## CS525 – Midterm Exam

### Instructions 数据库代写

• Things that you are not allowed to use

Personal notes

Textbook

Printed lecture notes

Phone

• The exam is 90 minutes long
• Multiple choice questions are graded in the following way: You get points for correct answers and points subtracted for wrong answers. The minimum points for each questions is 0. For example, assume there is a multiple choice question with 6 answers – each may be correct or incorrect – and each answer gives 1 point. If you answer 3 questions correct and 3 incorrect you get 0 points. If you answer 4 questions correct and 2 incorrect you get 2 points. . . .
• For your convenience the number of points for each part and questions are shown in parenthesis.
• There are 5 parts in this exam
1. SQL (32)
2. Relational Algebra (26)
3. Index Structures (24)
4. I/O Estimation (18)

### Part 1 SQL (Total: 32 Points) 数据库代写

Consider the following database schema and instance:

### Hints:

• When writing queries do only take the schema into account and not the example data given here. That is your queries should return correct results for all potential instances of this schema.
• Attributes with black background form the primary key of an relation. For example, lName is the primary key of relation location.
• The attribute crimeId of relation account is a foreign key to the attribute id of relation crime.

#### Question 1.1 (6 Points)

Write an SQL query that returns the names of suspects for murders on locations owned by the Queen. Make sure that your query returns each such person only once.

#### Question 1.2 (8 Points) 数据库代写

Write an SQL query that returns total size (sizeSf) of the real estate (locations) owned by who owns the most real estate (in terms of total size of locations owned by this person).

#### Question 1.3 (8 Points)

Write a query that returns pairs of suspects that have provided account suspecting each other of the same crime, e.g., in the example instance Bob is suspecting Peter to be the murderer of Alice while at the same time Peter is suspecting Bob to be her murderer. Make sure to return each such pair only once. Hint: (Bob,Peter) and (Peter,Bob) are the same pair of people.

#### Question 1.4 (10 Points)

Write a query that returns for each city the number crimes per type, e.g., the number of murders in London, the number of thefts in Windsor, and so on. For each city, crime type pair return how many of these crimes have been solved.
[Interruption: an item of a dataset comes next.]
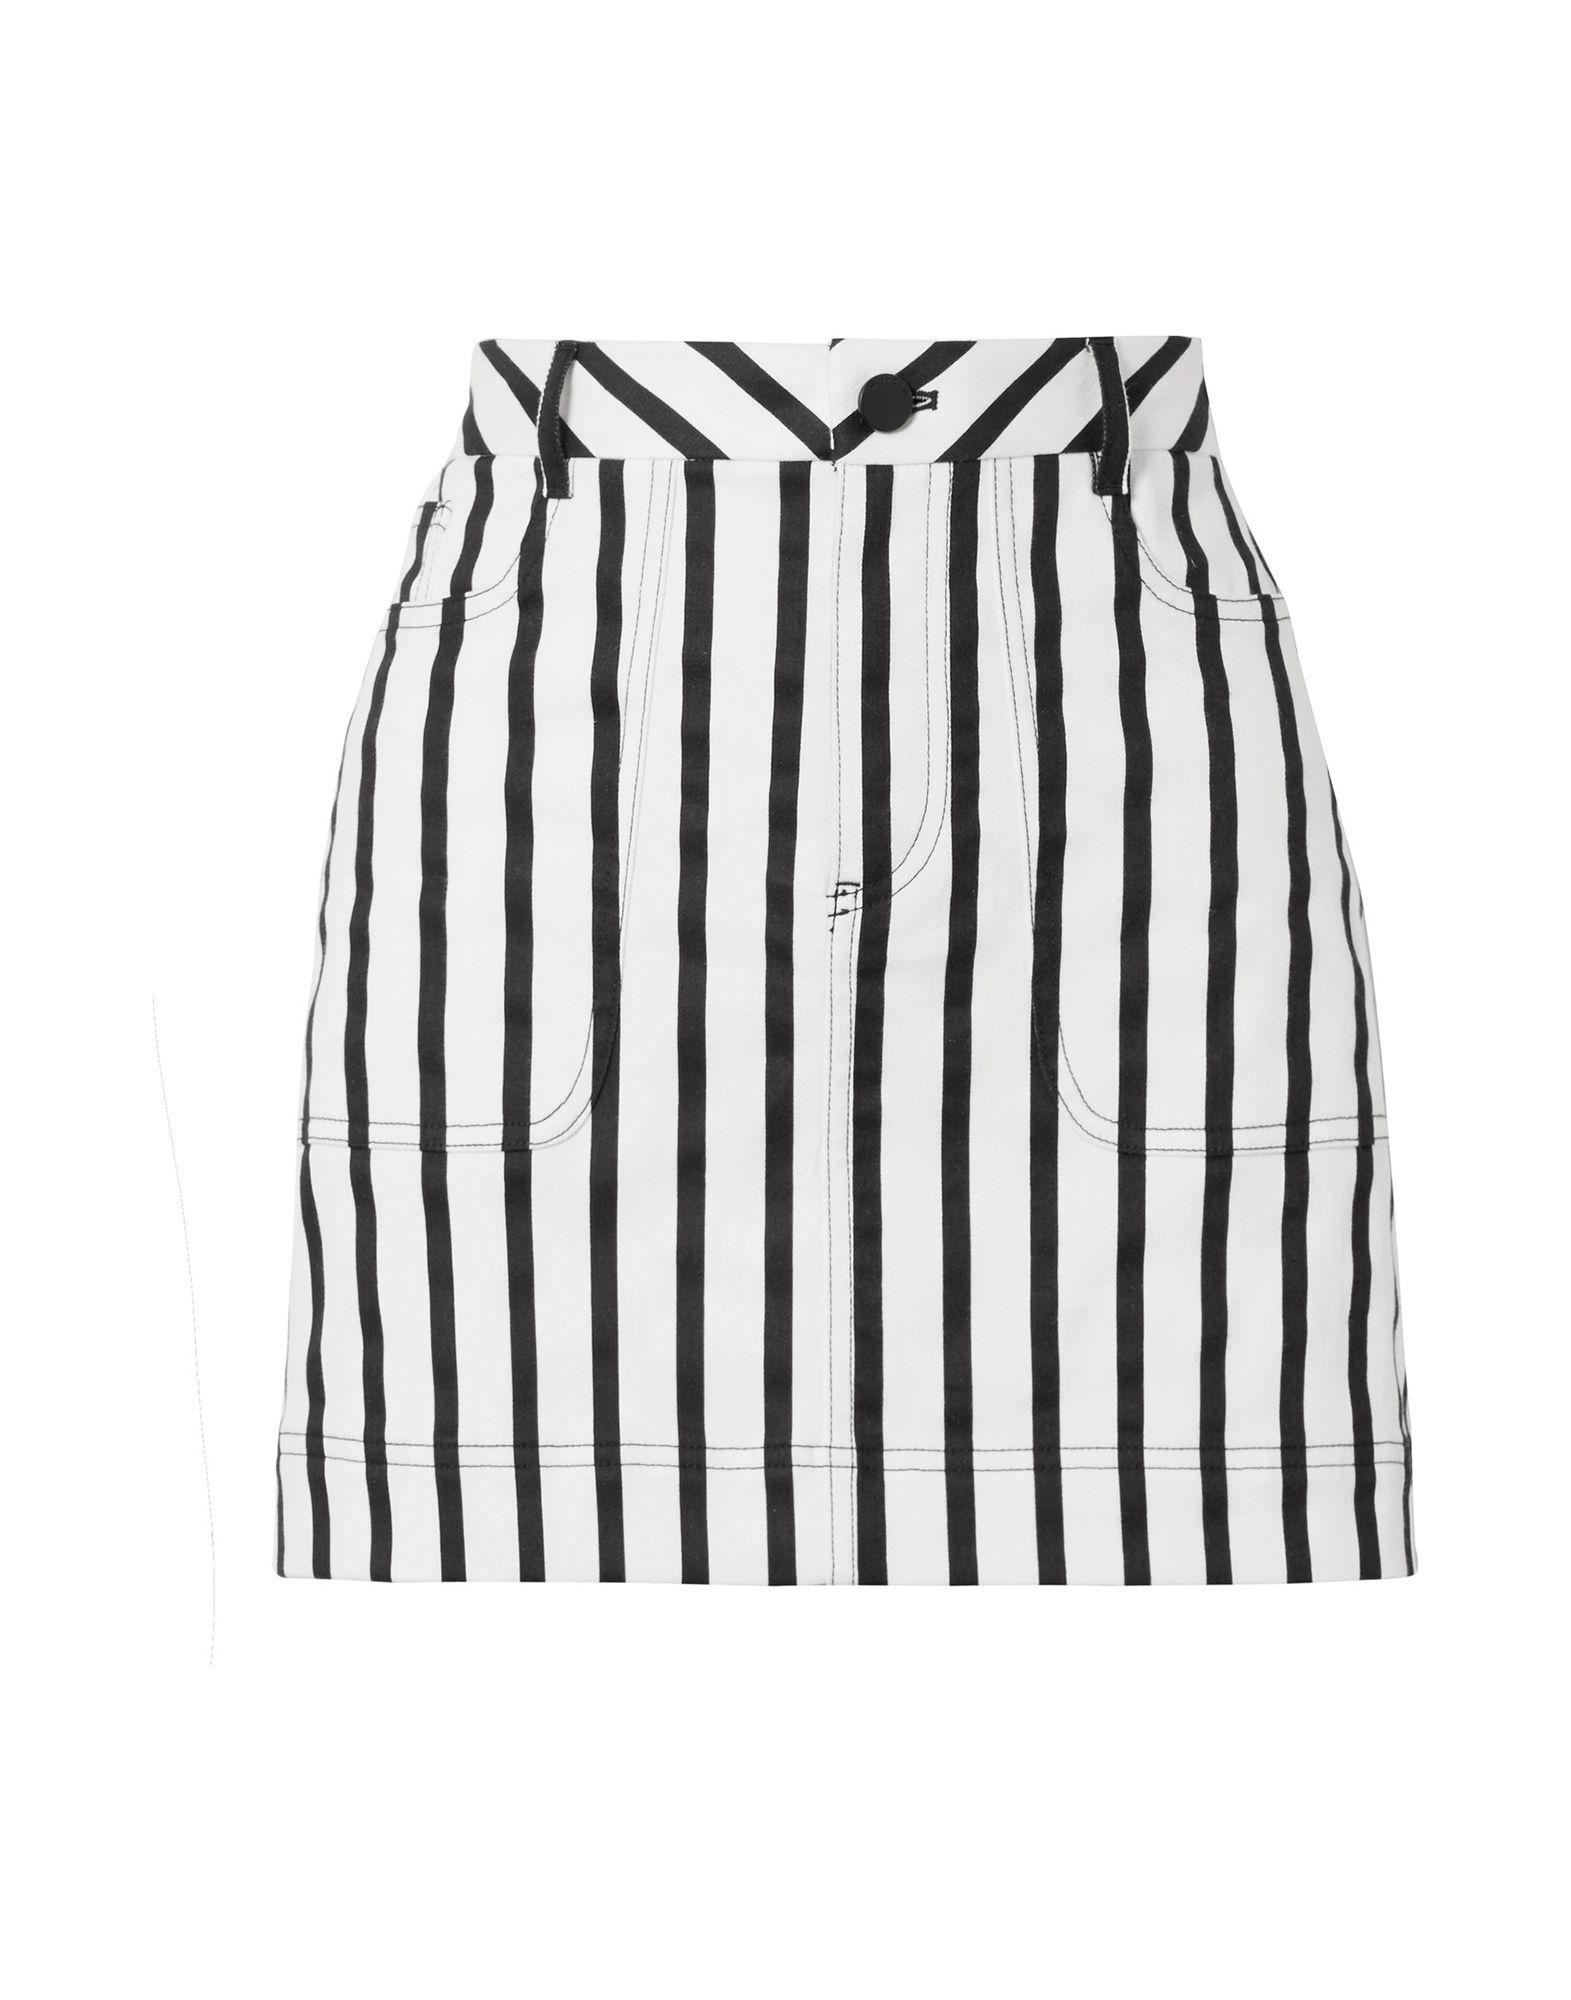 ALICE + OLIVIA Denim skirts. denim, no appliqués, stripes, colored wash, belt loops, front closure, button, zip, multipockets, unlined, stretch. 86% Cotton, 11% Polyester, 3% Elastane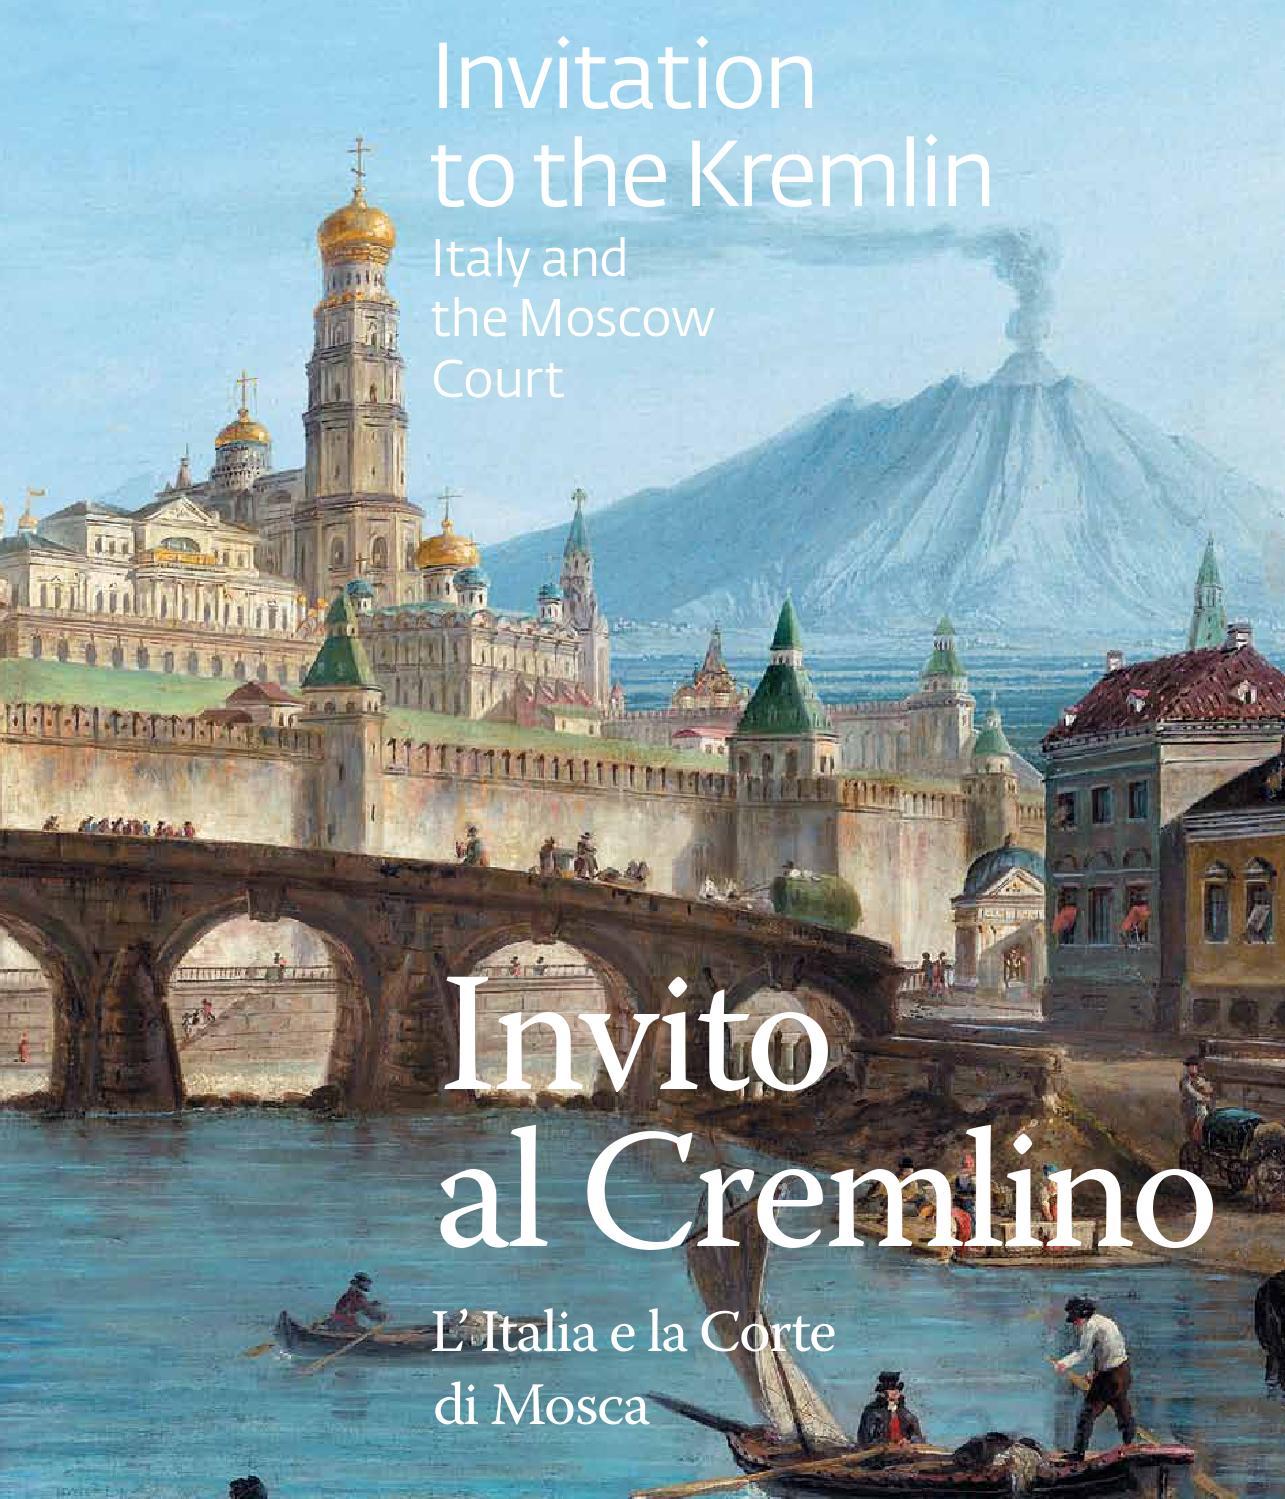 Invitation to the Kremlin by D. Chernogaev - issuu 334f5c7e5d4

A crime is considered solved if there is at least one account for this crimes and all accounts for that crime agree on the suspect. For example, in the example database the murder at Big Ben is not solved (contradictory accounts) whereas the theft at Windsor Castle is (one account cannot contradict itself).

### Part 2 Relational Algebra (Total: 26 Points) 数据库代写

#### Question 2.1 Relational Algebra (6 Points)

Write an relational algebra expression over the schema from the SQL part that returns the time, type, and victim for all crimes in Windsor (the location city). Use the set semantics version of relational algebra.

#### Question 2.2 Relational Algebra (12 Points)

Write an relational algebra expression over the schema from the SQL part that returns for each person the number of crimes the person is accused of committing. Do not count multiple witnesses for the same crime twice (e.g., if Peter is accused by both Alice and Bob of committing a crime with id 1 then this counts as one crime and not 2). Persons that are not accused of committed any crime should be returned too. Use the bag  semantics version of relational algebra.

#### Question 2.3 Relational Algebra (8 Points)

Write an relational algebra expression over the schema from the SQL part that returns cities where no crimes have been taken place so far (there was no crime in any location that is in this city). Use the set semantics  version of relational algebra.

### Part 3 Index Structures (Total: 24 Points) 数据库代写

#### Question 3.1 B+-tree Operations (24 Points)

Given is the B+-tree shown below (n = 3 ). Execute the following operations and write down the resulting B+-tree after each step:

insert(6),insert(4),insert(3),delete(40)

When splitting or merging nodes follow these conventions:

• Leaf Split: In case a leaf node needs to be split, the left node should get the extra key if the keys cannot be split evenly.
• Non-Leaf Split: In case a non-leaf node is split evenly, the “middle” value should be taken from the right node.
• Node Underflflow: In case of a node underflflow you should fifirst try to redistribute and only if this fails merge. Both approaches should prefer the left sibling.

### Part 4 I/O Estimation (Total: 18 Points) 数据库代写

#### Question 4.1 I/O Cost Estimation (12 = 4 + 4 + 4 Points)

Consider two relations R and S with B(R) = 100 and B(S) = 2, 000. You have M = 101 memory pages available. Compute the number of I/O operations needed to join these two relations using block-nested-loop  join, merge-join (the inputs are not sorted), and hash-join. You can assume that the hash function evenly distributes keys across buckets. Justify you result by showing the I/O cost estimation for each join method.

#### Question 4.2 External Sorting (6 Points)

Consider a relation R with B(R) = 10, 000, 000. Assume that M = 101 memory pages are available for sorting. How many I/O operations are needed to sort this relation using no more than M memory pages.